5/ la signification normative ; l’individu estime la légitimité de l’événement en fonction de ses normes internes (l’idéal de soi ; ex. « D’habitude, je pars plus tôt pour prévoir ce genre d’événement. ») ou de normes externes (les exigences sociales ; ex. le conducteur peut juger que l’embouteillage ne sera pas une excuse de retard suffisante pour la personne qui l’attend).

L’implication, le niveau du potentiel de maîtrise et la confrontation aux normes nécessitent d’opérer des traitements plus élaborés, plus longs et plus conscients. Scherer (2005, 2009) construit son modèle des processus composant à partir des évaluations citées ci-dessus mises en parallèle avec les autres composantes de l’émotion, soit la régulation physiologique, la motivation, l’expression motrice et le sentiment, ce dernier reflétant une réflexion sur les changements s’opérant dans tous les autres sous-systèmes (Figure 10).

Figure 10 : modèle des processus composants des émotions selon Scherer (tiré de Scherer, 2009).

Dans le champ des émotions, des modèles généraux, comme celui de Scherer, applicable à un grand nombre de situations, mais aussi des modèles spécifiques (à un type de ressentis ou d’activités) ont été développés.
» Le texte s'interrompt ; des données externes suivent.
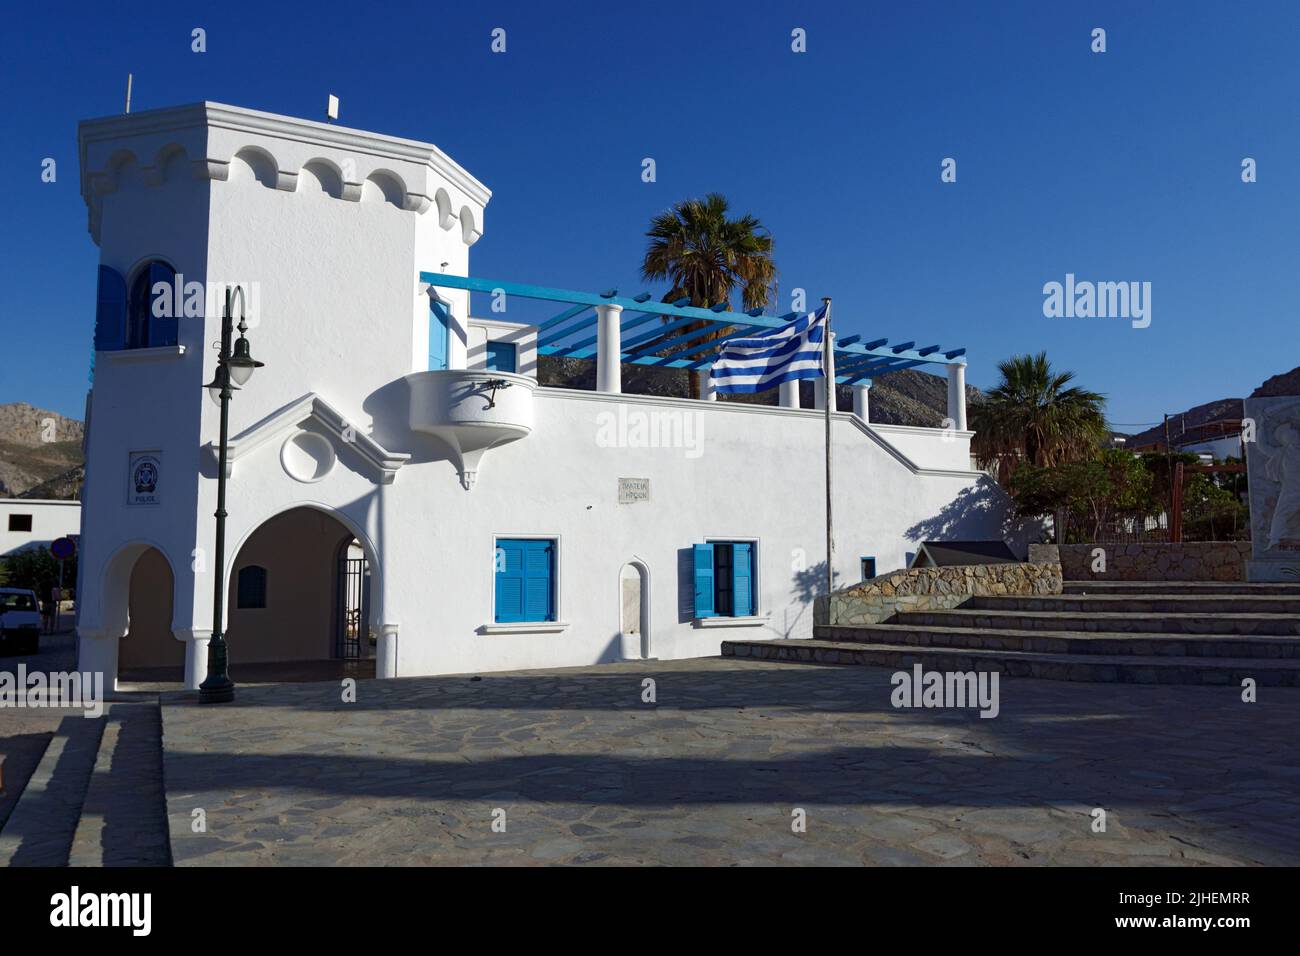 Police Station, built by the Italians during the occupation in the razionalismo style, Tilos, Dodecanese islands, Southern Aegean, Greece. Stock Photo

La partie suivante présentera le stress dans l’activité professionnelle, activité qui constitue un des intérêts de ce travail de thèse.

En résumé

Le modèle des processus composants est un modèle séquentiel.

Il fait intervenir plusieurs composants : la nouveauté, la causalité, la valence, les conséquences possibles en encore le potentiel de maîtrise.

Les buts de l’individu ont une place prépondérante dans ce modèle.

Plus complexe que le modèle de Lazarus (1991), ce modèle permet lui aussi d’expliquer les évaluations cognitives des situations de conduite.